Ravel orchestrated the piano part in July 1924, and also created a version of the piano score noted for luthéal accompaniment. The autograph manuscript for the orchestrated version is held by the Morgan Library & Museum.

The name of the piece is derived from the generic European term for "gypsy" (in French: gitan, tsigane or tzigane rather than the Hungarian cigány) although it does not use any authentic Gypsy melodies.

==Music==
Tzigane is a late entry into the gypsy-themed violin virtuoso concert piece; the most prominent prior works being Sarasate's Zigeunerweisen from 1878 and Vittorio Monti's Czárdás. Ravel's audience would also have been familiar with a style hongrois that had suffused light music and the Parisian café scene.

The composition is in one movement, with an approximate duration of ten minutes, scored for strings and harp, double woodwinds, two horns in F, one trumpet in C, celesta, triangle, timbre (snare drum), and cymbal. The opening is marked 'Lento, quasi cadenza' and is for solo violin, playing on the G string for the first 28 bars; Jankélévitch describes the preamble (Lassan) as "superior exercises – runs, staccato notes, trills and mordents". Then follow a succession of "gipsy improvisations – the Friska, then the Czardas", at the end of which "the rhapsody becomes impatient and runs feverishly through all kinds of successive tonalities without retaining any of them".

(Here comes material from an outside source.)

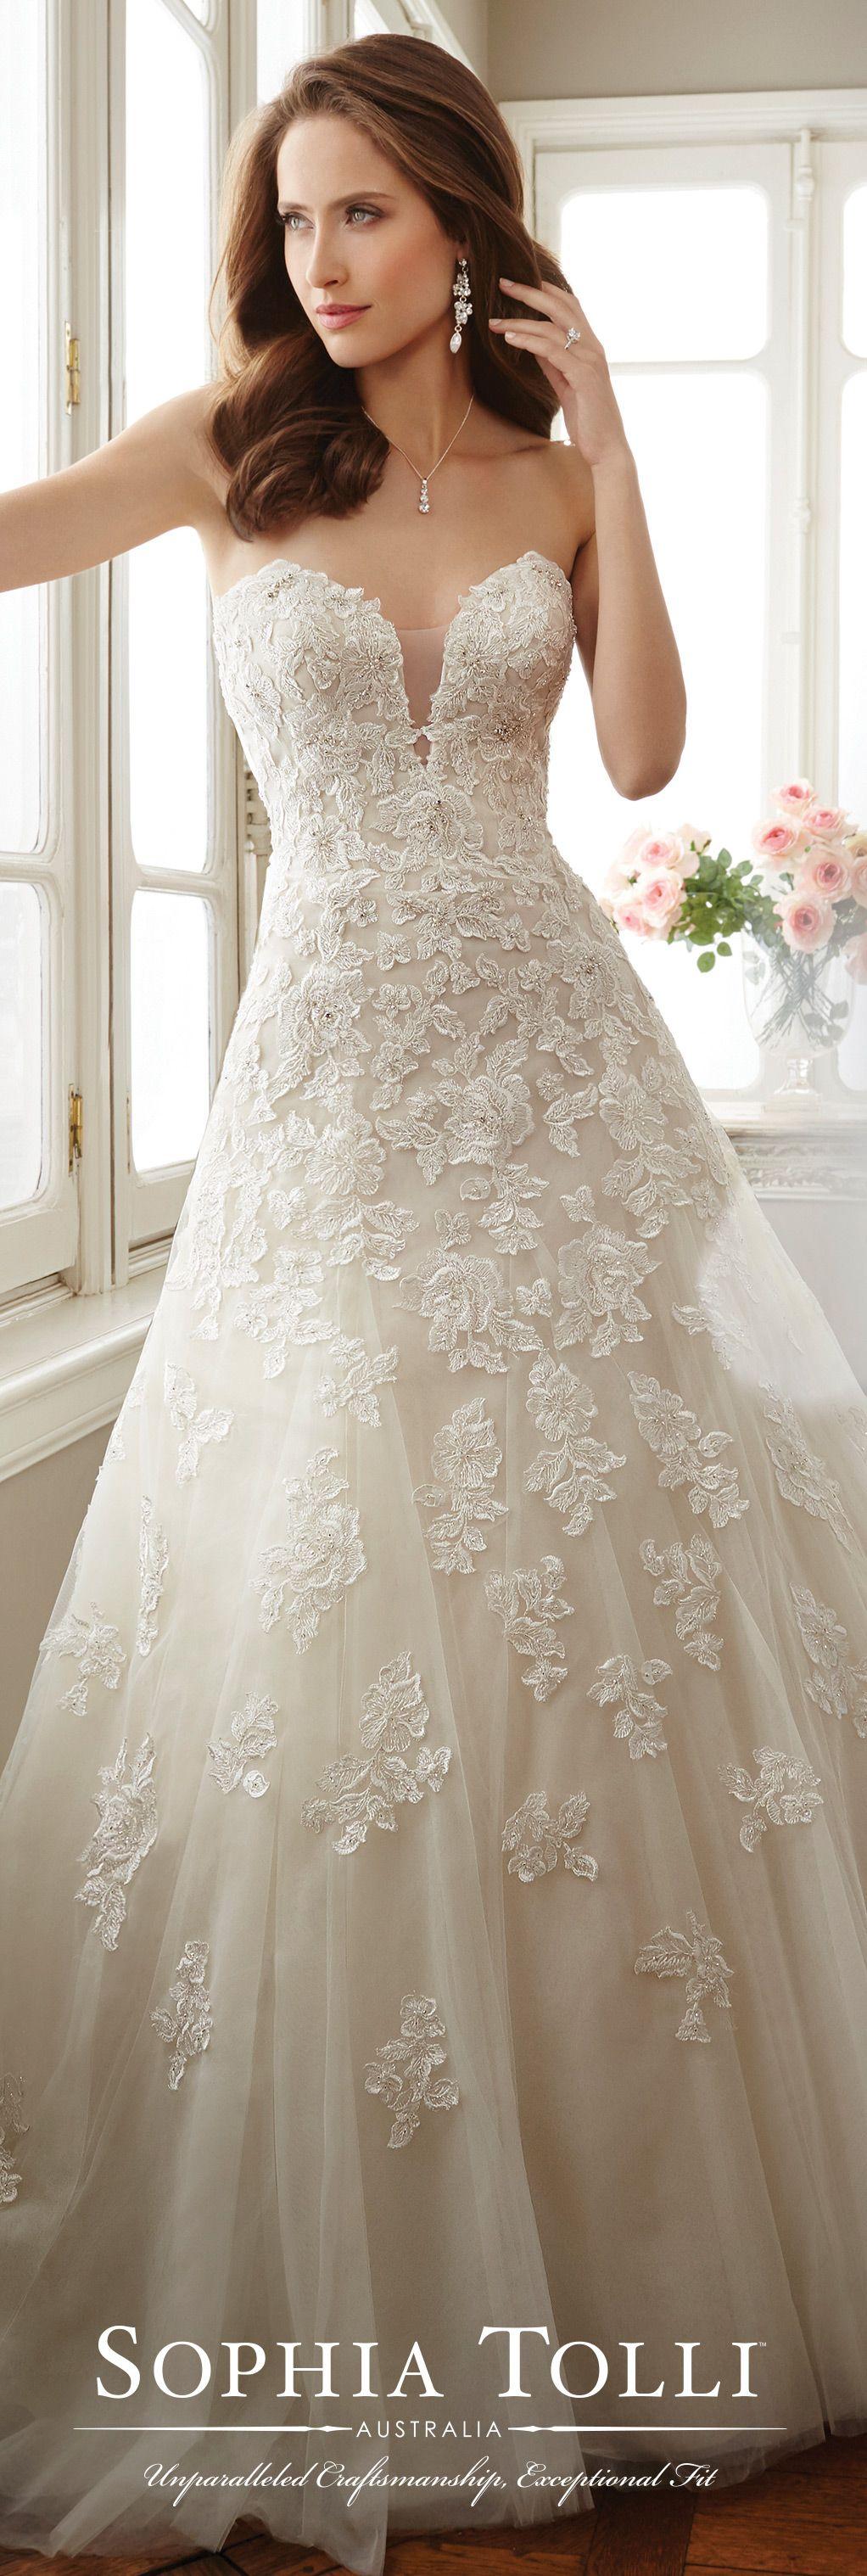 Y antoinette pinterest wedding dress gowns and weddings

Rhythmical, structural, and melodic elements in common with Liszt's Hungarian Rhapsodies have been identified. Liszt's attempts to mimic the cimbalom may have inspired Ravel to create a version of the score that included the use of the luthéal, a new piano attachment (first patented in 1919) with several tone-colour registrations which could be engaged by pulling stops above the keyboard. One of these registrations had a cimbalom-like sound, which fitted well with the verbunkos style of the composition. The original score of Tzigane included instructions for these register-changes during execution. The luthéal, however, did not achieve permanence. By the end of the 20th century the first print of the accompaniment with luthéal was still available at the publishers, but by that time the attachment had long since disappeared from use.

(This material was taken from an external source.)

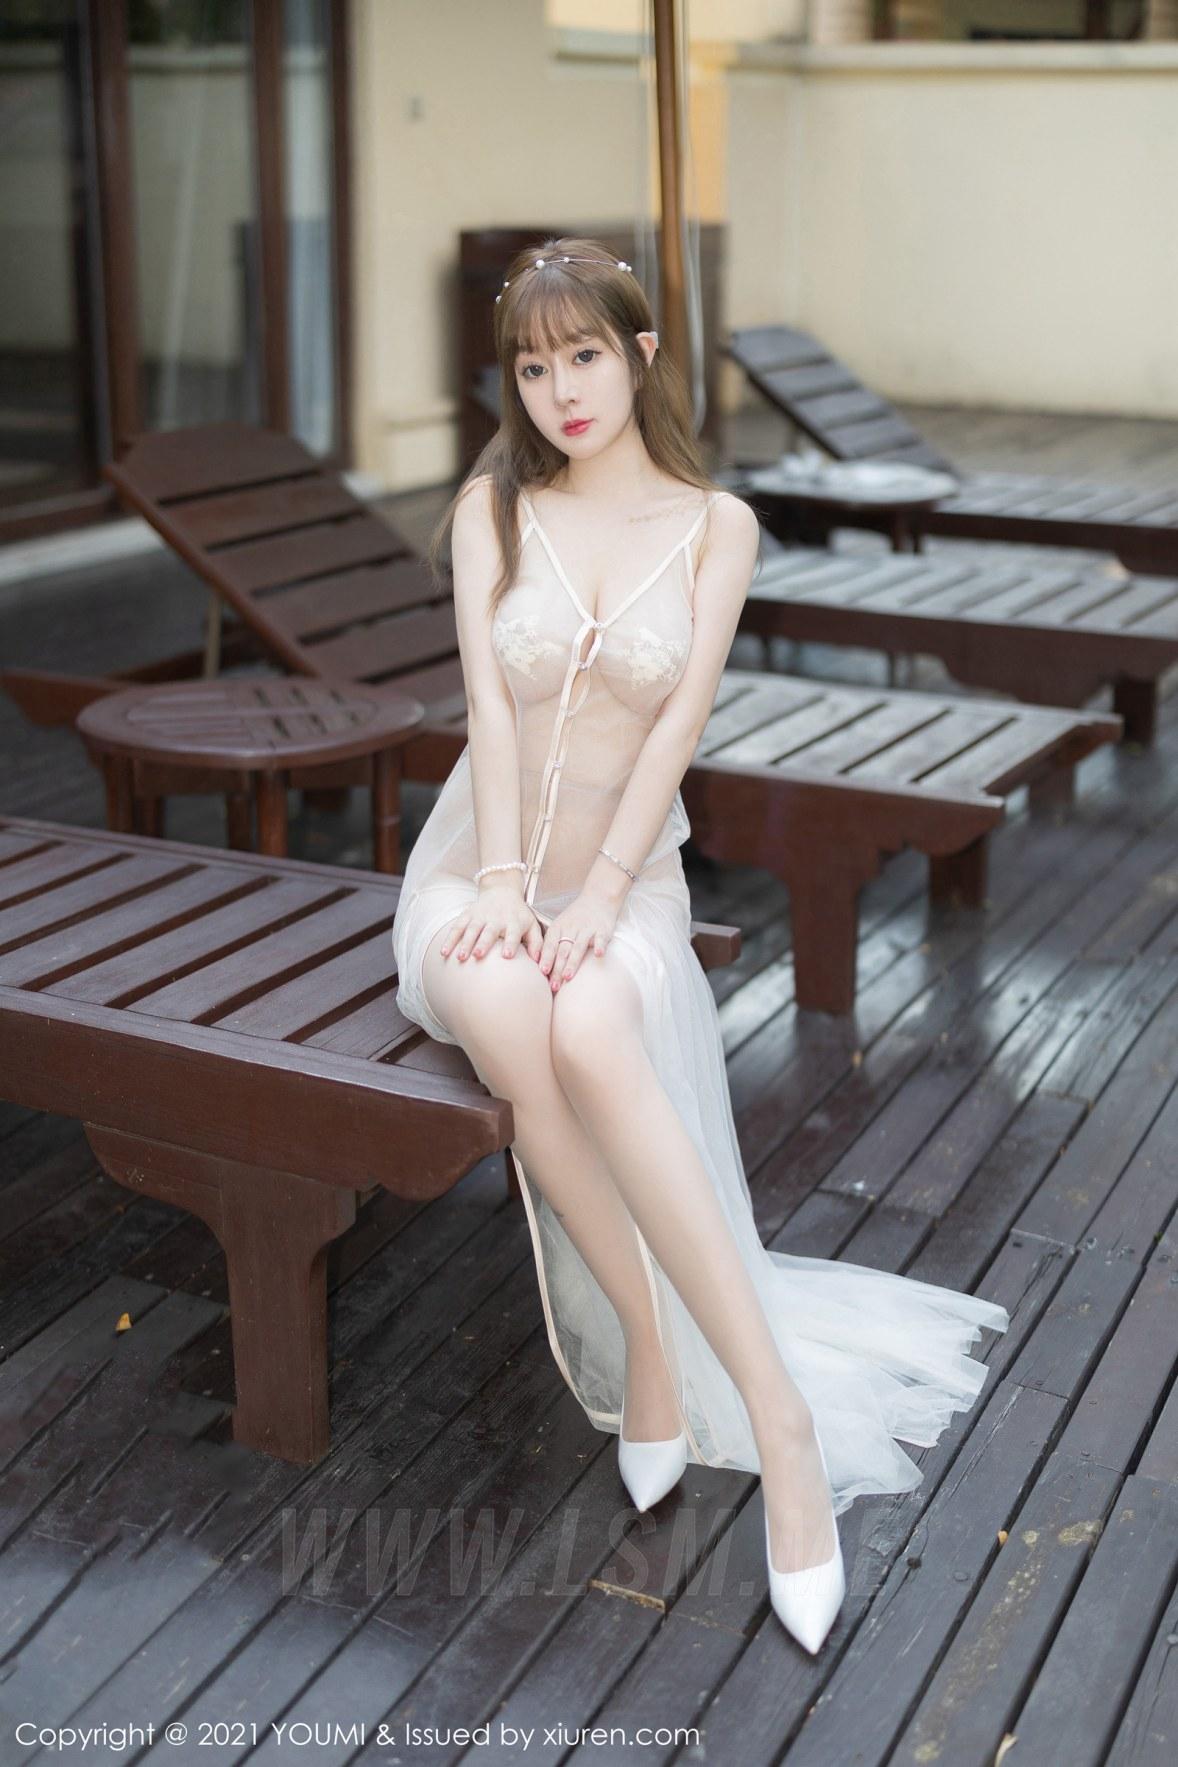 YOUMI 尤蜜荟 Vol.672 轻薄透服饰 王雨纯 西双版纳旅拍2 - 2

== Noteworthy performances ==

- April 26, 1924: Premiere (violin and piano), by Jelly d'Arányi and Henri Gil-Marchex in London at Aeolian Hall.
- October 15, 1924: Premiere (violin and piano with luthéal), by Samuel Dushkin and Beveridge Webster in Paris at Salle Gaveau
- October 19, 1924: Premiere (violin and orchestra), by Samuel Dushkin with Pierre Monteux conducting the Concertgebouw in Amsterdam
- November 30, 1924: first performance in Paris of orchestrated version, and first performance of orchestrated version by d'Arányi, with Gabriel Pierné and the Concerts Colonne.
- January 1930: Gramophone released the first commercial recording, made from a live performance by Lucien Schwartz, violinist in the Orchestre Pasdeloup, with Ravel in the audience.

== Critical reception ==
The critical reception of Tzigane has been generally unfavorable, categorizing the work as kitsch.

Contemporaries Jourdan-Morhange, Szigeti, and Sauguet all expressed doubts on the music's value, labelling it pastiche and finding "music has surrendered too much place to instrumental acrobatics". Tzigane did not rate a mention in Alexis Roland-Manuel's 1938 biography of Ravel.

Recent critique has been as unfavorable. While noting the work's enduring popularity with performers and record labels, Roger Nichols and Robert Orledge have both noted Tzigane is not one of Ravel's compositionally great works.

Nevertheless, the work is popular with performers and is frequently recorded.